Biotechnology is a scientific system being used to improve gene culture in plants and animals to be either tolerant or resistant to diseases and weather conditions.

Prof Alhassan said Burkina Faso under a Presidential decree had planted genetically modified cotton, which was in its third year of production, hence the need for Ghana to get its laws in place as early as possible to control the movement of this cotton across its boarders.

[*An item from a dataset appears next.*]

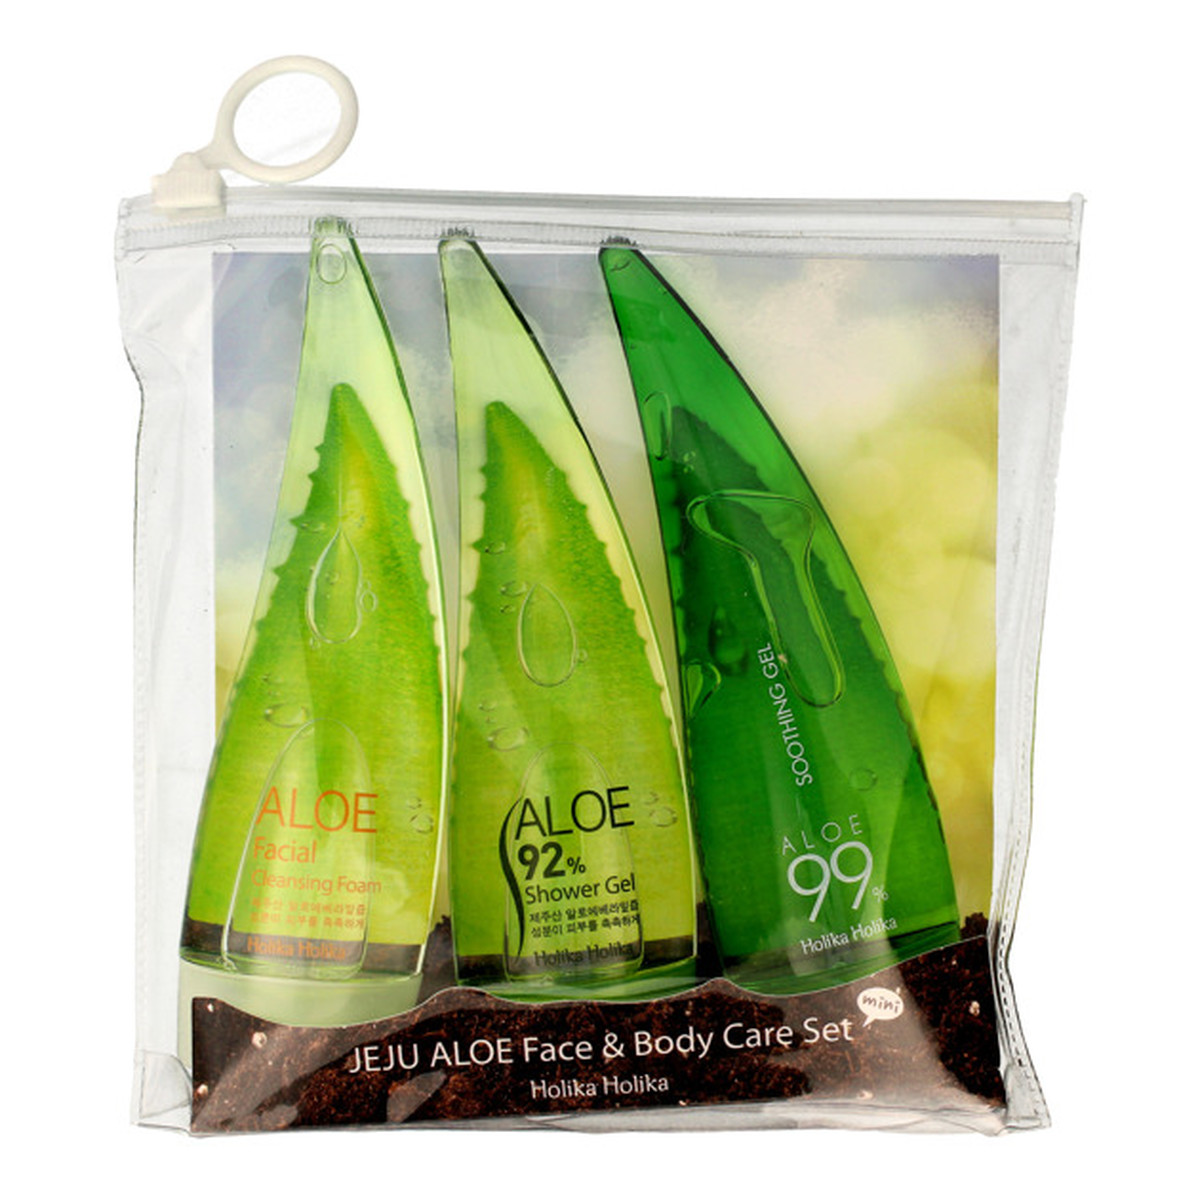 Holika Holika Aloe 99% Zestaw Jeju Aloe Set (żel+pianka+żel pod prysznic) 1op.-55mlx3 165ml

He said Ghana was party to the Cartagena Protocol on Bio-safety, hence the need for it to observe the obligations and rights of countries that were party to the protocol.

Opening the workshop Ms Christine Churcher, Minister of Environment and Science, told the participants: "Ghana, specifically and indeed Africa as a whole need to take advantage of the progress that has been made in modern biotechnology to be able to meet the Millennium Development Goals (MDGs).

She said the progress biotechnology had made in agriculture, health, energy and industry could go a long way to help Ghana to meet the targets set in the MDGs.

Prof Alhassan said the concern of the Minister was in the right direction, yet there was the need for a regulatory framework to be in place to harness the technology.

He said a sub-regional research organisation, West and Central Africa Council for Agricultural Research and Development (CORAF), has commissioned a study on biotechnology for the Sub-Region as a way of building capacity for its biotechnologists.

He said the Council had put in motion a development programme for bio-safety and biotechnology for the Sub-Region.

He noted that Agriculture Ministers subjected the framework drawn up by this group to a discussion at a conference at Bamako Mali in June 2004 and that the Economic Community of West African States (ECOWAS) Secretariat should develop an action plan to be implemented on Biotechnology and Bio Safety in the Sub-Region before 2007. An ECOWAS Ministerial Meeting to be held in Ghana this year would discuss the plan.